私は中国出身です。多くの留学生と同じ、私も子供のころからずっと日本の文化が好きです。文化と言っても、最初はアニメ、ドラマなど映像ばかりを見ていました。大学の時も、当時人気の専門より自分が好きな日本語専攻を選びました。
大学四年生の時、当時中国で話題になった銀行職員へのセクハラ事件をきっかけに、中国と日本での職場ハラスメントに対する認識を卒業論文の内容にしました。その問題を理解するため、SNSでビデオを探している中で、「いま、“在日”として生きる~大阪・朝鮮学校の1年」というドキュメンタリーを見ました。「俺たちは何か悪いことをしましたか。」と先生に質問している学生たちの顔を見たら、悲しくて涙が出ました。もし自分は彼らの立場になったらと想像してみました。大きな声で世間に叫びたいけど、誰も聞こえないふりをしています。「だったら、私が聞きにいきます!」と強く思って、日本に来ました。
日本ではそんなに外国人がいるの?
冒頭にお伝えした通り、日本は在留外国人が総人口の約2%を占めています。在留外国人数は年々増加しており、少子高齢化の進行によって総人口が減少していく中で、その比率も上がっていくことが予想されます。そして在留外国人のなかでは、在日コリアンは中国人に次いで2番目に多くなっています。

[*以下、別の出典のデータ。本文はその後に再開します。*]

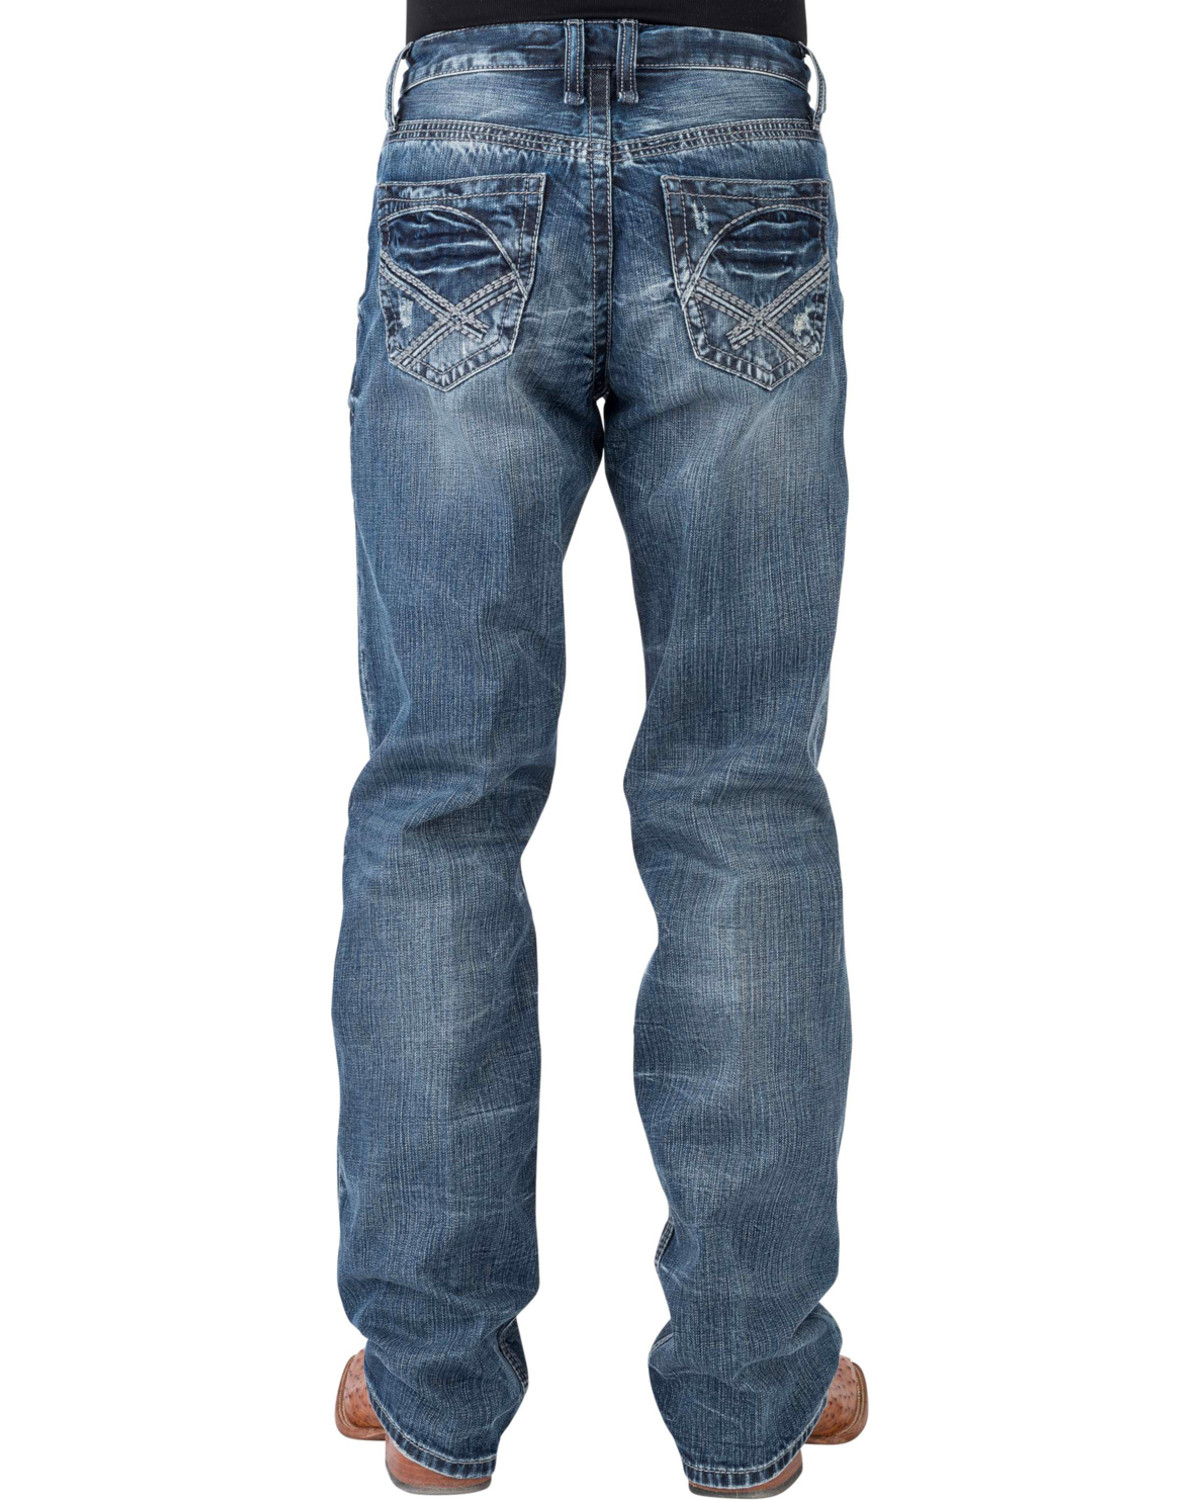 Tin Haul Men's Regular Joe Fit Medium Wash Bootcut Jeans
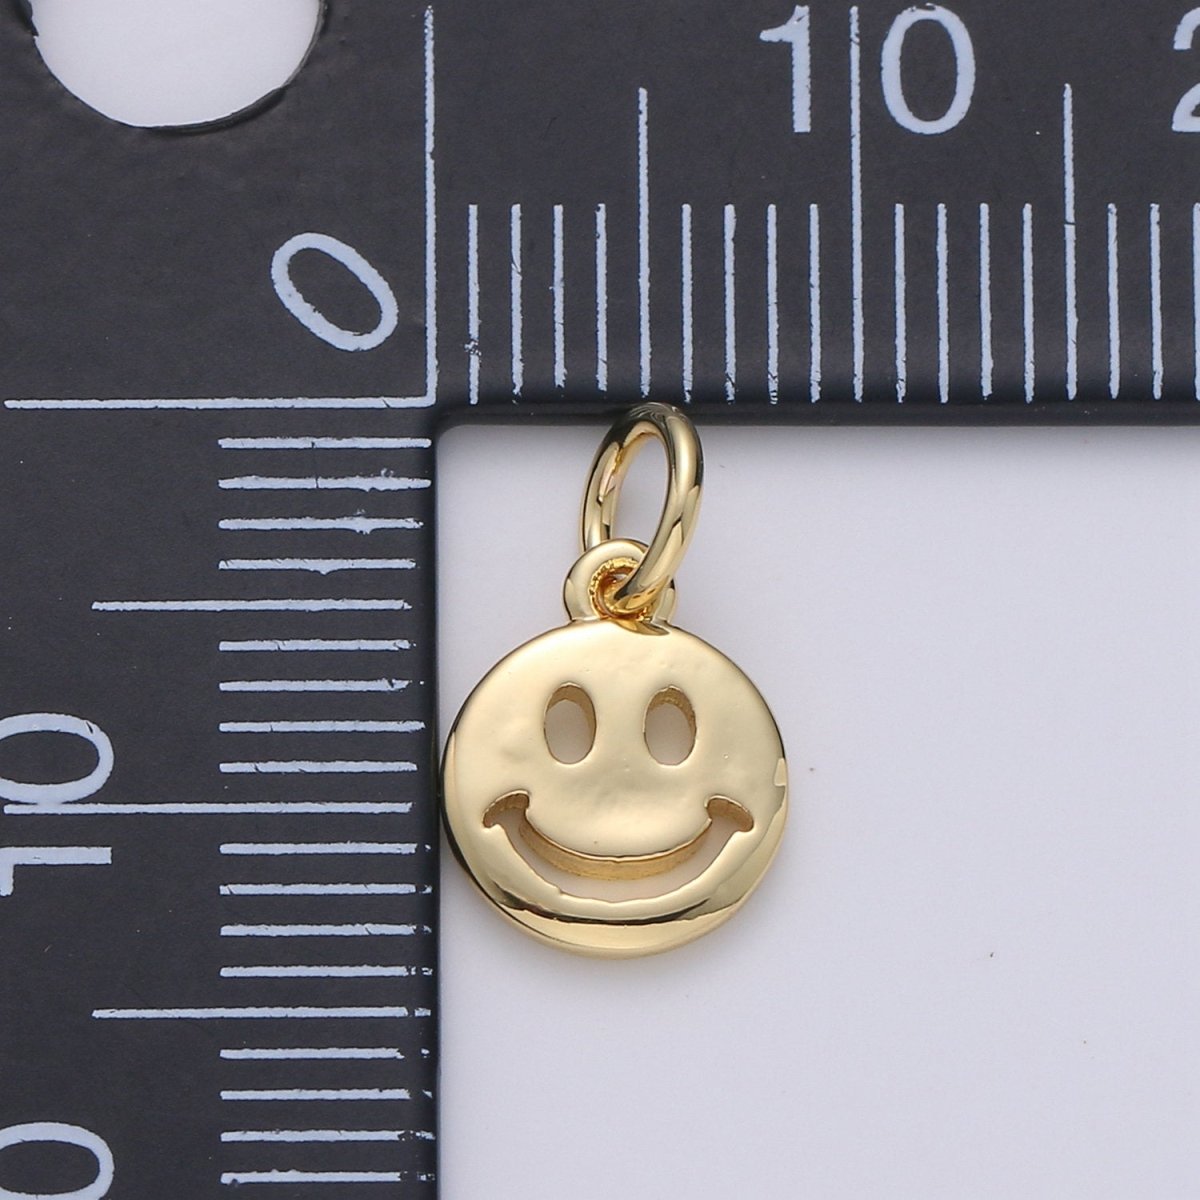 14K Gold Filled Happy Face Charm, Emoji Charm 13x8mm Gold Smile Charm Pendant Smiley Face Charms for Necklace Earring Bracelet Supply | D-651, D-697 - DLUXCA

(国籍別在留外国人数 上位10か国)<法務省・在留外国人統計 2018年12月より作成>
(日本人人口推計 (2019年5月20日公表))<出典:総務省統計局>
少子高齢化社会である日本では、移民が増えています。これからはもっと増えます。労働力不足を解消するために、多くの企業は外国人労働者を受け入れる政策を導入しています。同時に、日本政府も新たな外国人受け入れ制度を2019年4月からスタートしました。それにもかかわらず、日本はいまだに移民の生活環境を整える移民政策を実施していません。これから出てくる外国人労働者問題でバタバタするより、今から既存の移民問題に向き合う方がいいです。私はその中でも、日本に来るきっかけとなったテーマとして、また自分と一番身近い移民問題の現場としても、「朝鮮学校」のことを中心に、問題解決の糸口を探しています。
いよいよ本題!朝鮮学校はどんな問題があるの?
朝鮮学校には様々な問題が存在しているのですが、私は主に進学問題や無償化の対象外についての問題を研究しています。1955年4月、民族教育を重視する朝鮮人学校は私立各種学校として出発しました。各種学校とは、一条校および専修学校以外のもので、学校教育に類する教育を行う施設です。結果的に学校教育法第1条で規定される「一条校」から外されました。そのため、朝鮮学校の学籍は日本社会では認められていません。これが朝鮮学校の問題が存在する一番な要因となっています。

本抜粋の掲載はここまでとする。